Four of the 13 PCGs (nad1, nad4L, nad4, and nad5), eight tRNAs (trnQ, trnV, trnL1, trnP, trnH, trnF, trnY, and trnC), and two rRNAS (rrnL and rrnS) are encoded on the N-strand, whereas the other 23 genes (9 PCGs and 14 tRNAs) are encoded on the J-strand. The mitogenome sequence of these five buprestid species ranged in size from 15,367 to 16,521 bp.

The mean A + T nucleotide contents of five complete mitogenomes were similar: 68.42% in C. diminutus, 69.27% in C. cloueti, 72.42% in M. sinae, 71.73% in A. sichuanus, and 73.23% in S. femoralis.
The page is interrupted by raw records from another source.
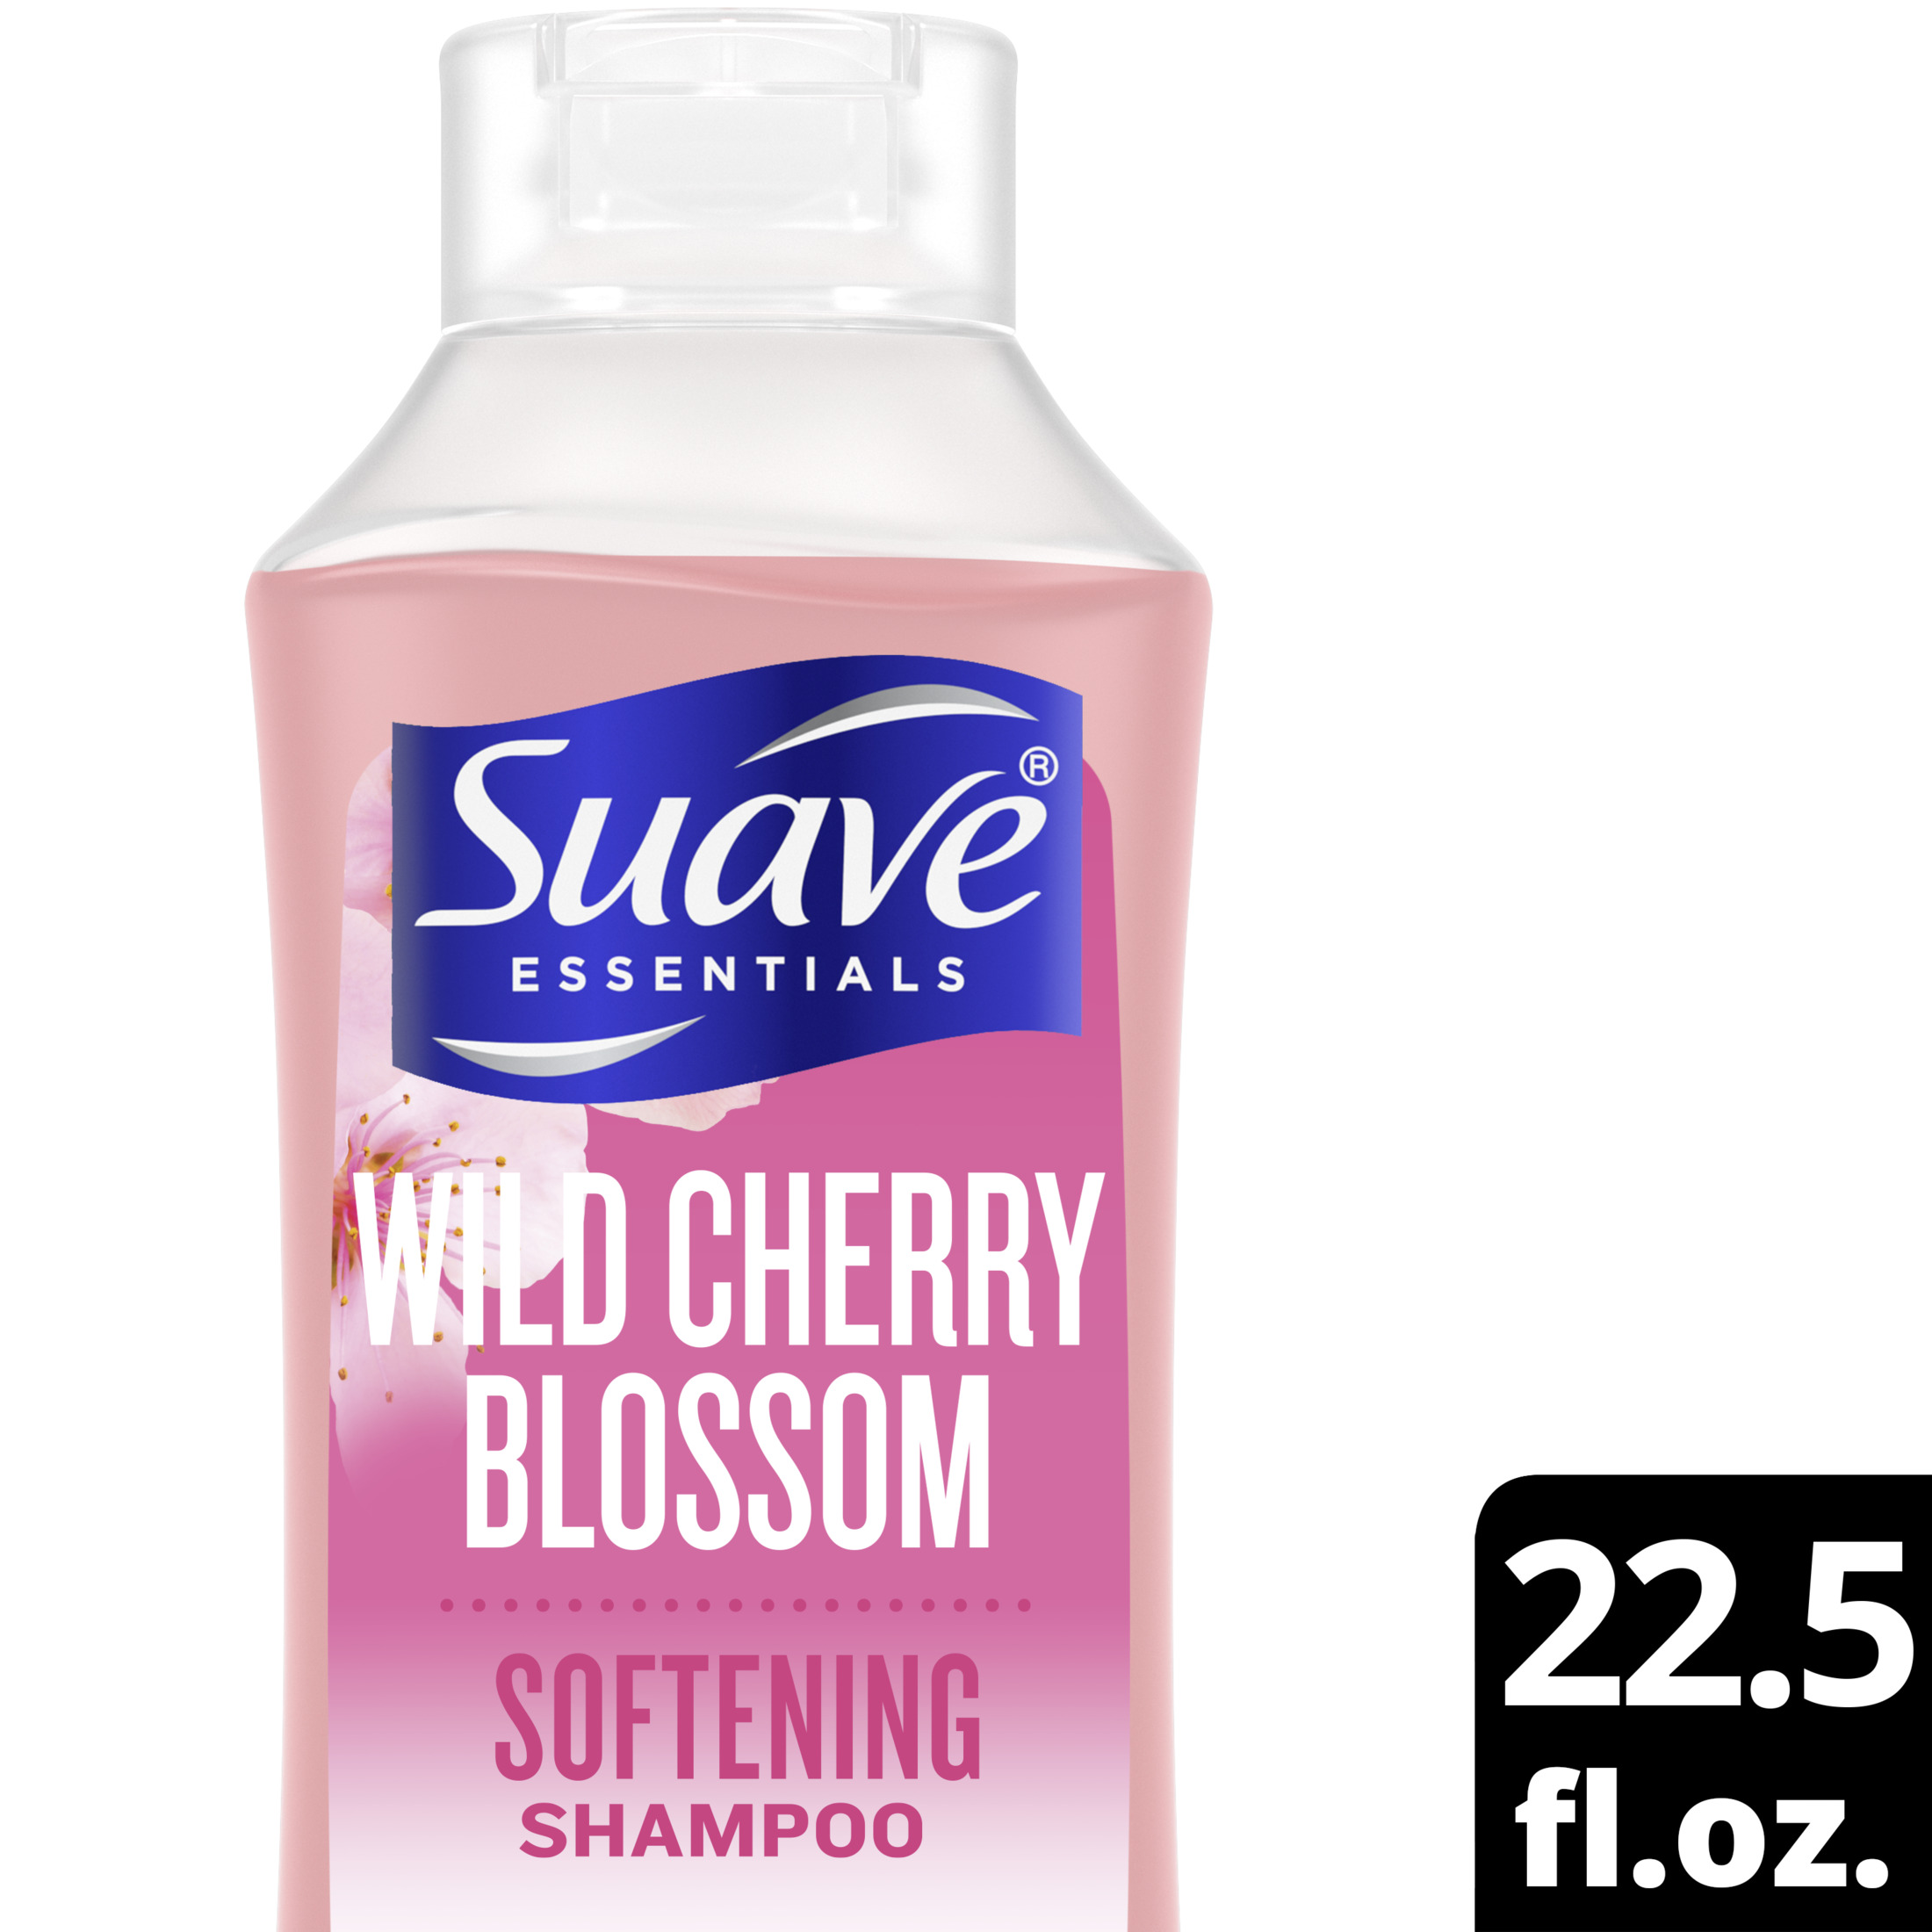 Suave Essentials Softening Shampoo, Wild Cherry Blossom, 22.5 fl oz - image 1 of 10
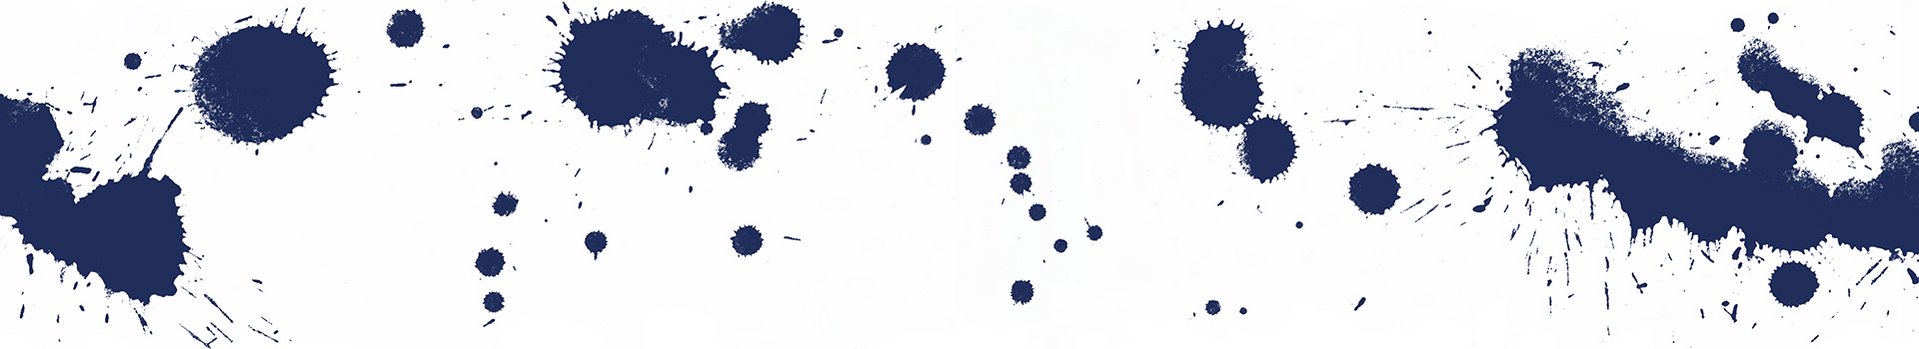 Macchie di colore blu su sfondo bianco
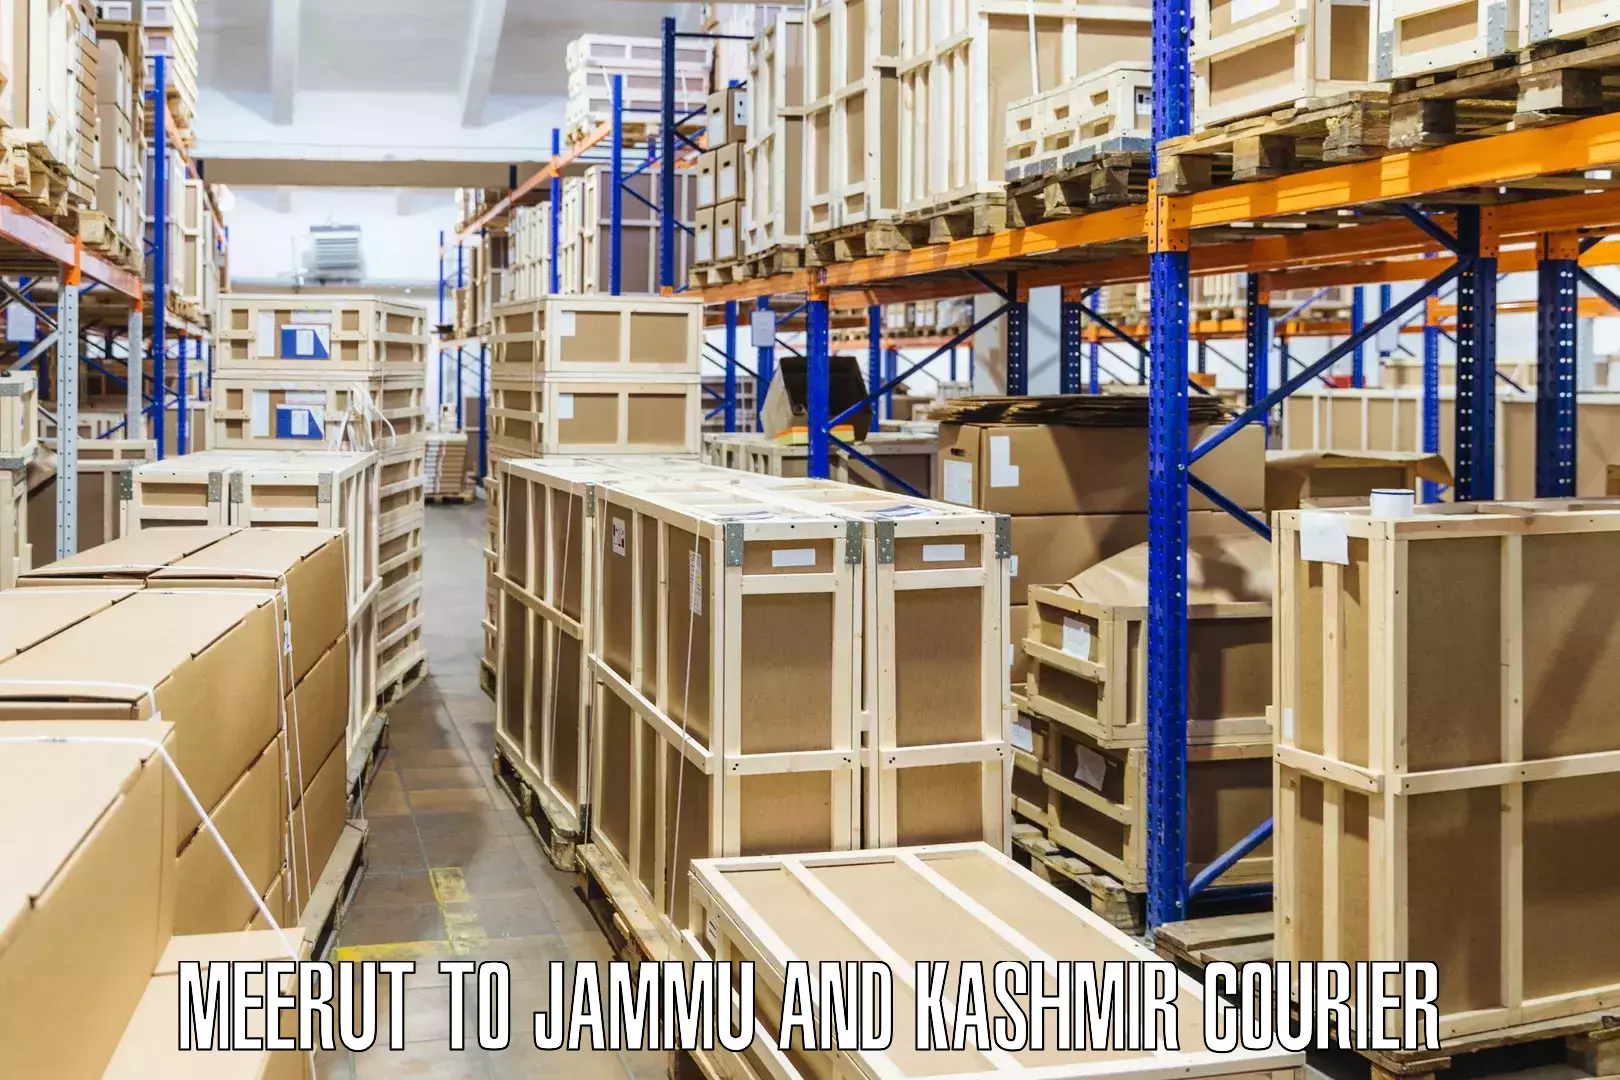 Easy return solutions in Meerut to Jammu

The entire mitogenomes had a higher A + T contents of 68.42–73.23% (66.05–72.50% for PCGs, 70.95–74.03% for tRNA genes, 75.20–77.33% for rRNA genes, and 74.17–78.38% for the CR) than G + C contents, which is consistent with the typical base of buprestid mitogenomes. The overall AT skews in these five complete mitogenomes were 0.12, 0.11, 0.11, 0.12, and 0.12, respectively. These five species showed a positive TA skew, suggesting that a slight AT bias which are similar to those observed in other buprestid species (Duan et al. 2017; Cao and Wang 2019a, 2019b; Xiao et al. 2019; Chen et al. 2021; Peng et al. 2021).

Protein-coding regions, codon usage, and nucleotide diversity

The total lengths of PCGs in these five buprestid species ranged from 11,090 to 11,158 bp, accounting for 67.54–72.17% of the entire mitogenomes. Similar to the other buprestid mitogenomes, nad5 and atp8 were found to be the largest (1708–1723 bp) and smallest (156–159 bp) genes, respectively. The majority of PCGs strictly started with an ATN (ATA/ATT/ATC/ATG) start codon, except for the nad1 starting with TTG. All PCGs strictly terminated with TAR (TAG/TAA) or an incomplete stop codon T–. Similar to most previously sequenced members of Buprestidae, the AT skew (0.11–0.12) of these five PCGs (Table 3) were similar among the 15 buprestid species. Summaries of the numbers of amino acids in the annotated PCGs and relative synonymous codon usage are presented in Figs 1 and 2. Overall codon usage among the sequenced buprestid mitogenomes was found to be similar, with Leu2, Ile, Phe, Ser2, Gly, Met, and Val being the seven most frequently coded amino acids.

Table 3.
Download as
CSV
XLSX

Summarized mitogenomic characteristics of the five buprestid species in this study.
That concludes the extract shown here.